Depending on how you think about things, content distribution is the second problem that must be solved to get a computing environment up and running, immediately after the physical distribution of computing infrastructure... assuming you're someone who considers the OS content.
FIDO is one example of how we're starting to get frameworks to address one foundational piece, the trust establishment aspect, of how we distribute content at that layer.
I'm time constrained writing currently, so in the interests of getting things down this is going to be a fast and skeletal word sketch without much narrative.
Distributing content in unreliable environments using desired state style approaches. Useful for:
dealing with networks that are unreliable, low bandwidth, or highly contended with QoS issues
minimizing content transfer
load distribution on servers, as content blobs can be hosted on CDNs or sourced via p2p
can express content locality requirements in terms of latency of access and availability.
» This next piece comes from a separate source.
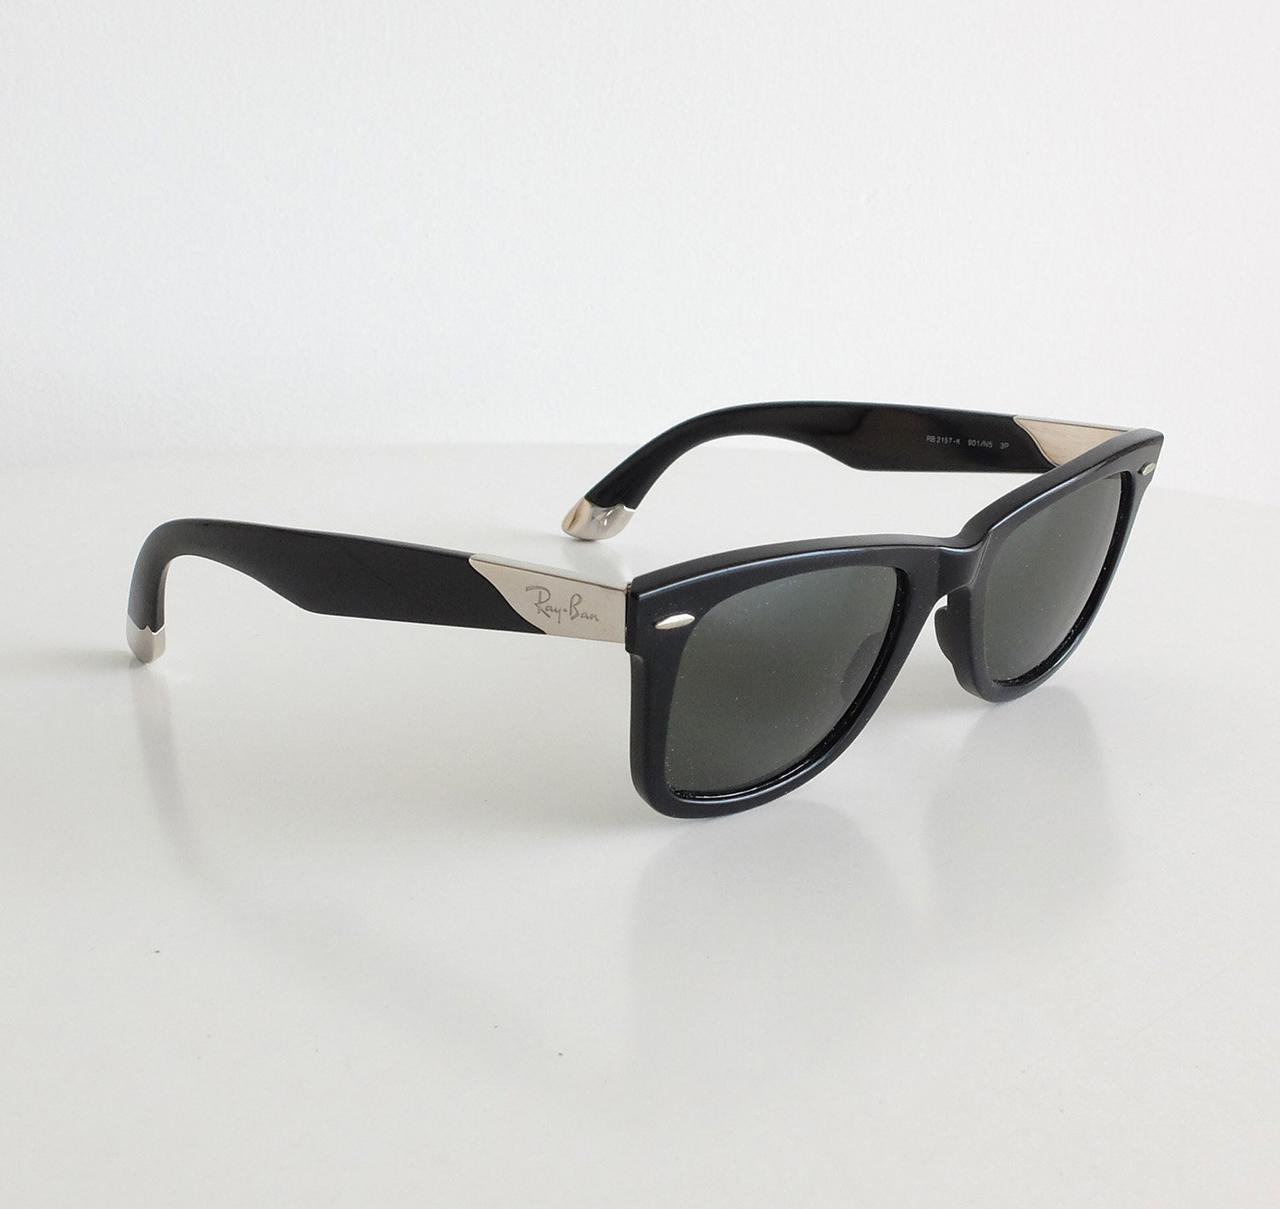 35db64fe3021 Солнцезащитные очки Ray-Ban Wayfarer 2157-k Black. Полный комплект -  TRENDMART в

Content, once sufficiently local and available, can be served up via desired state expression of how it needs to be consumed. For example, and installer can record a desired state of "corp/software-package:latest available with xxx latency and tolerant of zero failures within local env, located via discovery API xxx, served via protocol sets {HTTP, HTTPS, FTP, ...}" or some similar statement of pre-requisite expectation on environment to function.
Expressing things in this way allows us as a system to derive what else must be present to perform the role of the installer. This could be handled via constraint solver patterns, or various other ways.